Ironically, discussing Malcolm’s autism has piqued audience members who insist he’s mocking his child’s disability. Notably, Funches points out, “I’ve never gotten that from people who have autism in their family.” He recalls June’s Giggle Fit tapings, where a friend saw a seated teenager wearing curiously large earmuffs. When Funches addressed Malcolm’s autism and preference for wearing earmuffs, the teen pointed to his parents, then giddily to his own earmuffs.
“That’s the reason I’m writing about my son,” Funches says. “I love being funny, and I love making people happy, but when they say things like, ‘You helped me because you talked about this. You made me feel better about my life, and it wasn’t the end of the world when we got this diagnosis,’ that makes me happier than anything other than being able to give my son this house.”

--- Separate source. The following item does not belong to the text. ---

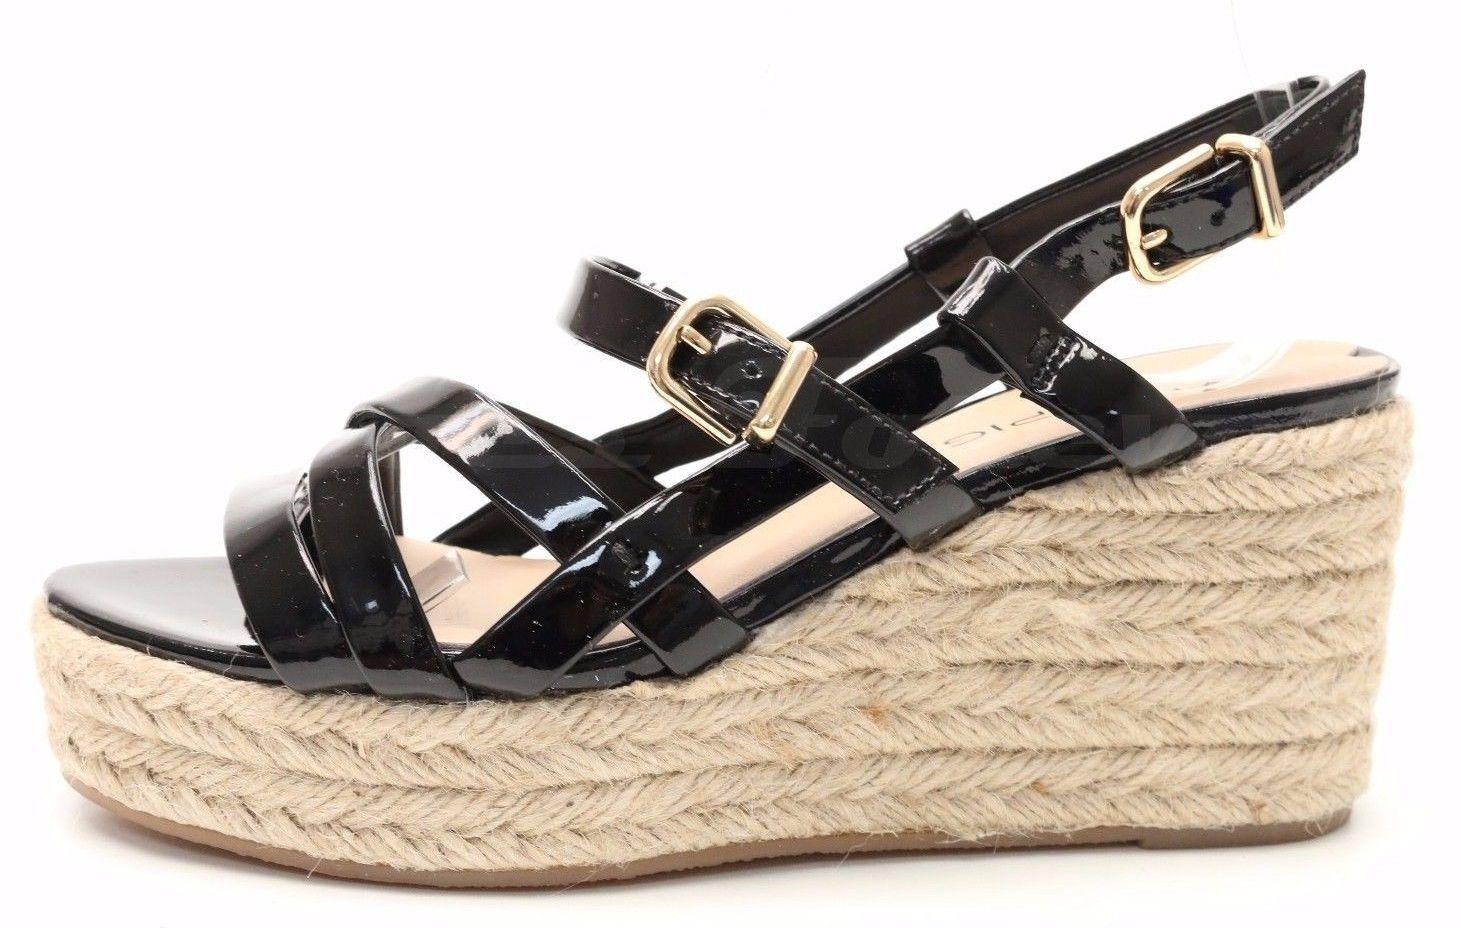 225 VIA SPIGA black patent leather wedge slingback sandals sz. 5 (EU 39) NEW

Amid appearing on Netflix talk show The Fix and joining the cast of Conan-produced animated series Final Space, Funches recently began production on DC’s Harley Quinn. “I play King Shark, who’s a member of Harley’s gang,” he clarifies of the animated series that features Kaley Cuoco voicing the title role. “He’s a half man, half shark. I’m very violent, but also very nice.”
Per his current vision board, top 2019 priorities include an autobiographical comedy about being the single father of an autistic son. Funches describes the series as following “a pothead man-child who suddenly has a lot of responsibilities he has to take care of by himself, and how that really helped change my life for the better.”
Staying humble and (professionally) hungry haven’t hurt, either. Rejecting the notion of entertainment as a shouting match, he’s fashioned himself into a refreshingly modern role model who knows nice guys don’t finish last. Health and happiness are part of the winning journey.
“I don’t want whatever is going on to stop,” he admits. “I’m just trying to keep my head down and be very grateful, and know that sometimes things dry up. Until then, keep working.”